Peterson's first work on birds was an article "Notes from field and study" in the magazine Bird-lore, where he recorded anecdotally two sight records from 1925, a Carolina Wren and a Titmouse.

In 1934 he published his seminal Guide to the Birds, the first modern field guide, which sold out its first printing of 2‚000 copies in one week, and subsequently went through 6 editions. He co-wrote Wild America with James Fisher, and edited or wrote many of the volumes in the Peterson Field Guide series, on topics ranging from rocks and minerals to beetles to reptiles.
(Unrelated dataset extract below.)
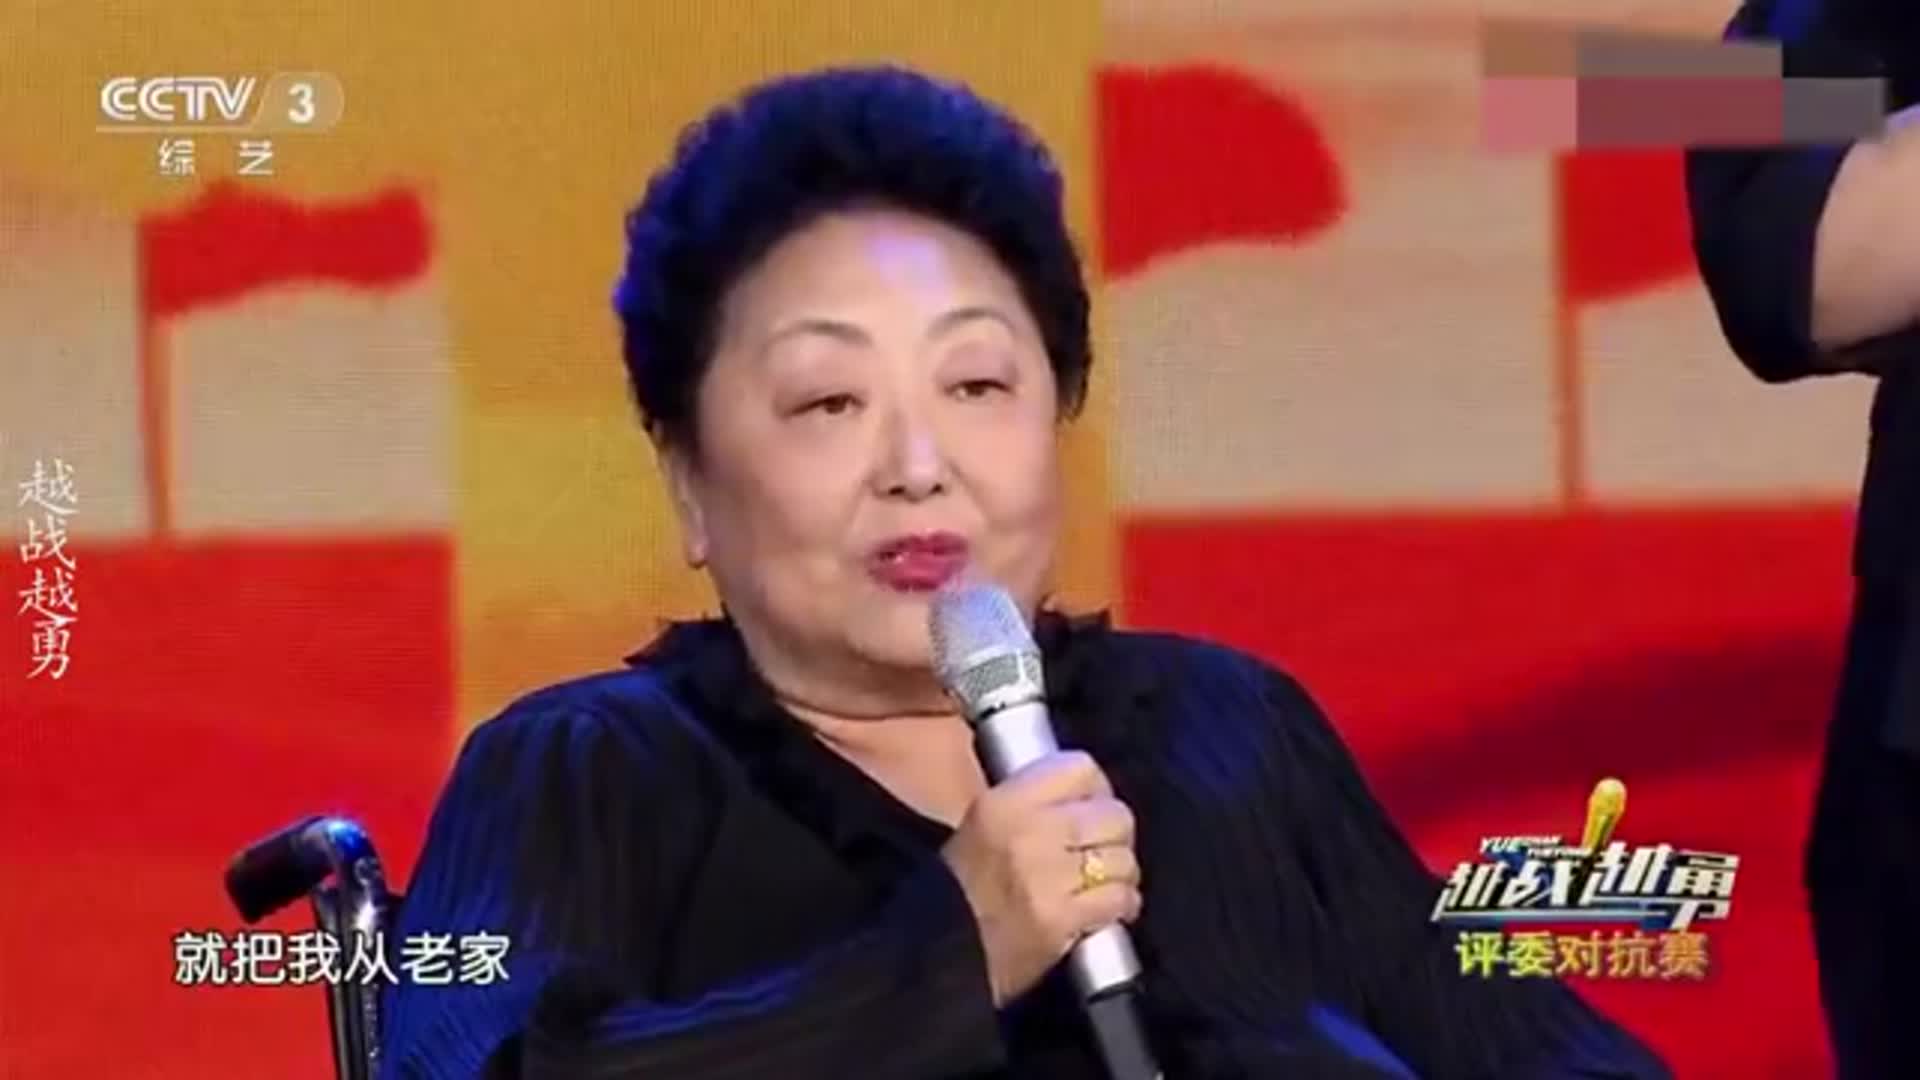 衡越在北京给妈妈买了房，妈妈：房子没写我的名！衡越谈家人系列

He developed the Peterson Identification System, and is known for the clarity of both his illustrations of field guides and his delineation of relevant field marks.

Paul R. Ehrlich, in The Birder's Handbook: A Field Guide to the Natural History of North American Birds (Fireside. 1988), said this about Peterson:

In this century, no one has done more to promote an interest in living creatures than Roger Tory Peterson, the inventor of the modern field guide.

Peterson received every major American award for natural science, ornithology, and conservation, as well as numerous honorary medals, diplomas, and citations from America and elsewhere, including the Linnaean Society of New York's Eisenmann Medal, the United States Presidential Medal of Freedom and the Order of the Golden Ark of the Netherlands. In 1977, he was honored by selection by the two Swedish District lodges of the Vasa Order of America to be Swedish-American of the Year. He received nominations for the Nobel Peace Prize and honorary doctorates from numerous American universities.

He died in 1996 at his home in Old Lyme, Connecticut. Roger Tory Peterson was cremated following his death. A portion of his ashes were spread on and round Great Island near Old Lyme, Connecticut. Another portion of his ashes are buried in the Old Lyme Cemetery also known as the Duck River Cemetery. A third portion of his ashes is inurned in the Pine Hill Cemetery, Falconer, New York in the family plot where his father and paternal grandparents are buried.

The Roger Tory Peterson Institute of Natural History in Jamestown, New York is named in his honor. In 2000, the American Birding Association established the Roger Tory Peterson Award for Promoting the Cause of Birding. A critically lauded biography, Birdwatcher: The Life of Roger Tory Peterson (The Lyons Press. 2008) by Elizabeth Rosenthal, was published for the centennial anniversary of Peterson's birth.